= List of Desert Island Discs episodes =

The BBC Radio 4 programme Desert Island Discs invites castaways to choose eight pieces of music, a book (in addition to the Bible – or a religious text appropriate to that person's beliefs – and the Complete Works of Shakespeare) and a luxury item that they would take to an imaginary desert island, where they will be marooned indefinitely. The rules state that the chosen luxury item must not be anything animate or indeed anything that enables the castaway to escape from the island, for instance a radio set, sailing yacht or aeroplane. The choices of book and luxury can sometimes give insight into the guest's life, and the choices of guests are listed here.

Very rarely, programmes will be repeated in place of new shows as a tribute to former guests who have recently died - for example Radio 4 repeated Humphrey Lyttelton's show, originally aired on 5 November 2006, on 15 June 2008. Desert Island Discs takes two short breaks, in April and August/September. BBC Radio 4 broadcasts new programmes for approximately 42 weeks each year on Sunday mornings, usually with a repeat transmission five days later. On Remembrance Sunday (in November) the programme is not broadcast but that week's programme gets a single airing in the Friday repeat slot.

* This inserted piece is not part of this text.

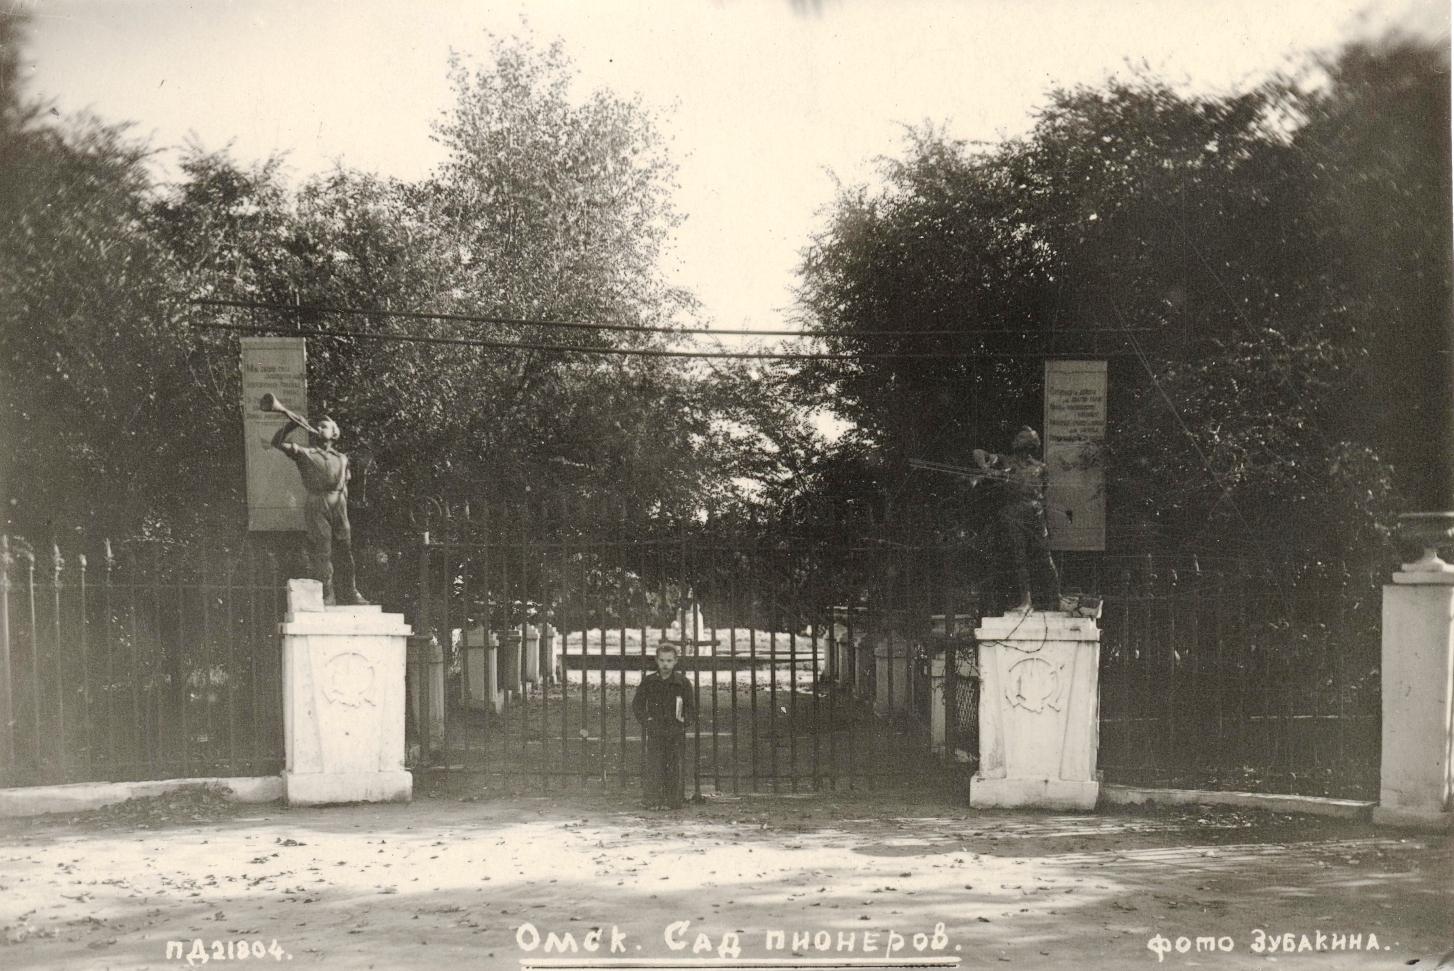 Сад пионеров 1945-50

From mid-2011 selected episodes have been re-broadcast on BBC Radio 4 Extra and also on BBC6 Music. The episodes on BBC Radio 4 Extra have included some 60-minute versions of the show; many of these open with additional lead-in and lead-outs from presenter Kirsty Young, often featuring sections of other interview footage or recordings featuring the guest of the episode in question. Some, but not all, of these extended versions, also feature extended in-programme material not used on the original broadcast. Episodes repeated on BBC6 are those concerning musicians and figures in the music industry.

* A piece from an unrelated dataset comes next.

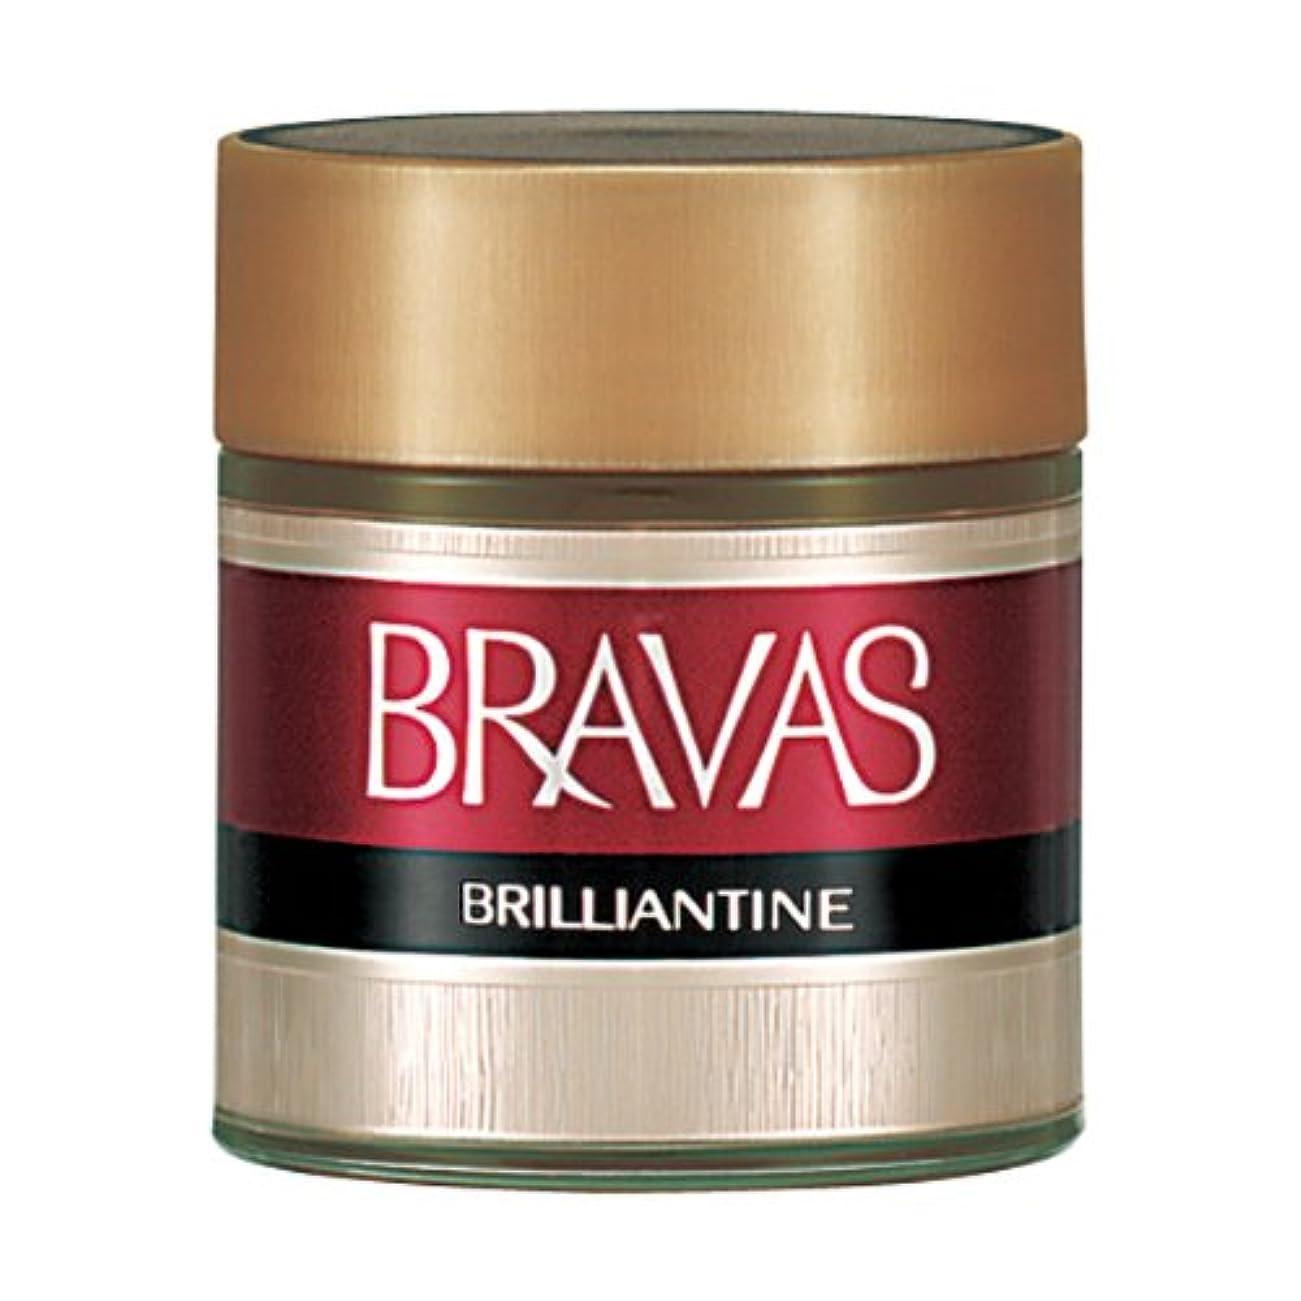 儀式最少ほめるブラバス ブリランチン 85g

- 1942–1946: List of Desert Island Discs episodes (1942–1946)
- 1951–1960: List of Desert Island Discs episodes (1951–1960)

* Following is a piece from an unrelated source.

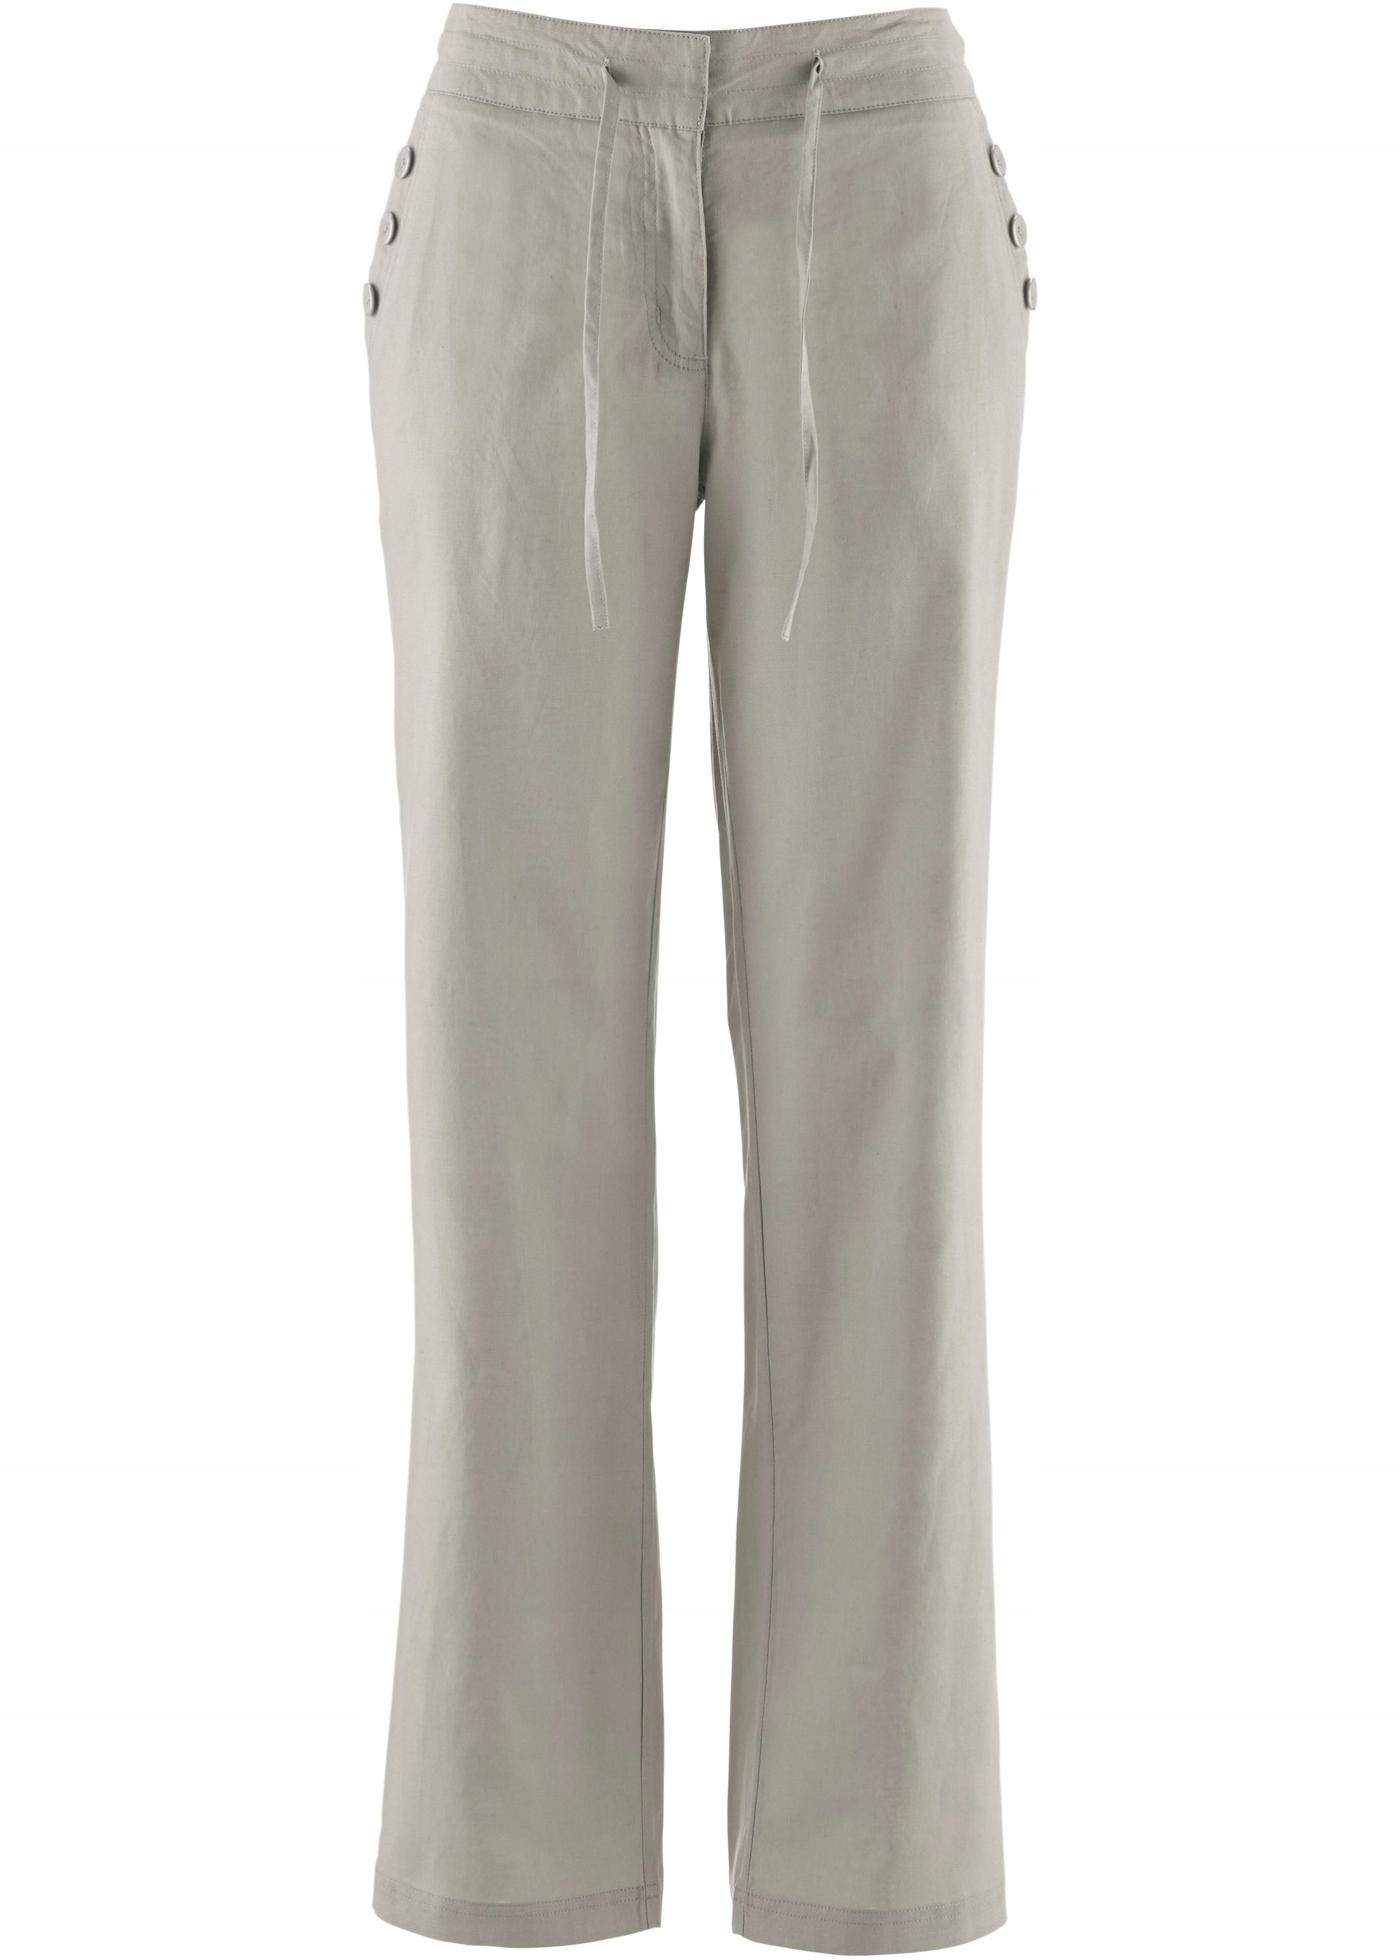 BONPRIX Spodnie Lniane rozm. 56 BPC 7652635554 oficjalne

- 1961–1970: List of Desert Island Discs episodes (1961–1970)
- 1971–1980: List of Desert Island Discs episodes (1971–1980)
- 1981–1990: List of Desert Island Discs episodes (1981–1990)
- 1991–2000: List of Desert Island Discs episodes (1991–2000)
- 2001–2010: List of Desert Island Discs episodes (2001–2010)
- 2011–2020: List of Desert Island Discs episodes (2011–2020)
- 2021–present: List of Desert Island Discs episodes (2021–present)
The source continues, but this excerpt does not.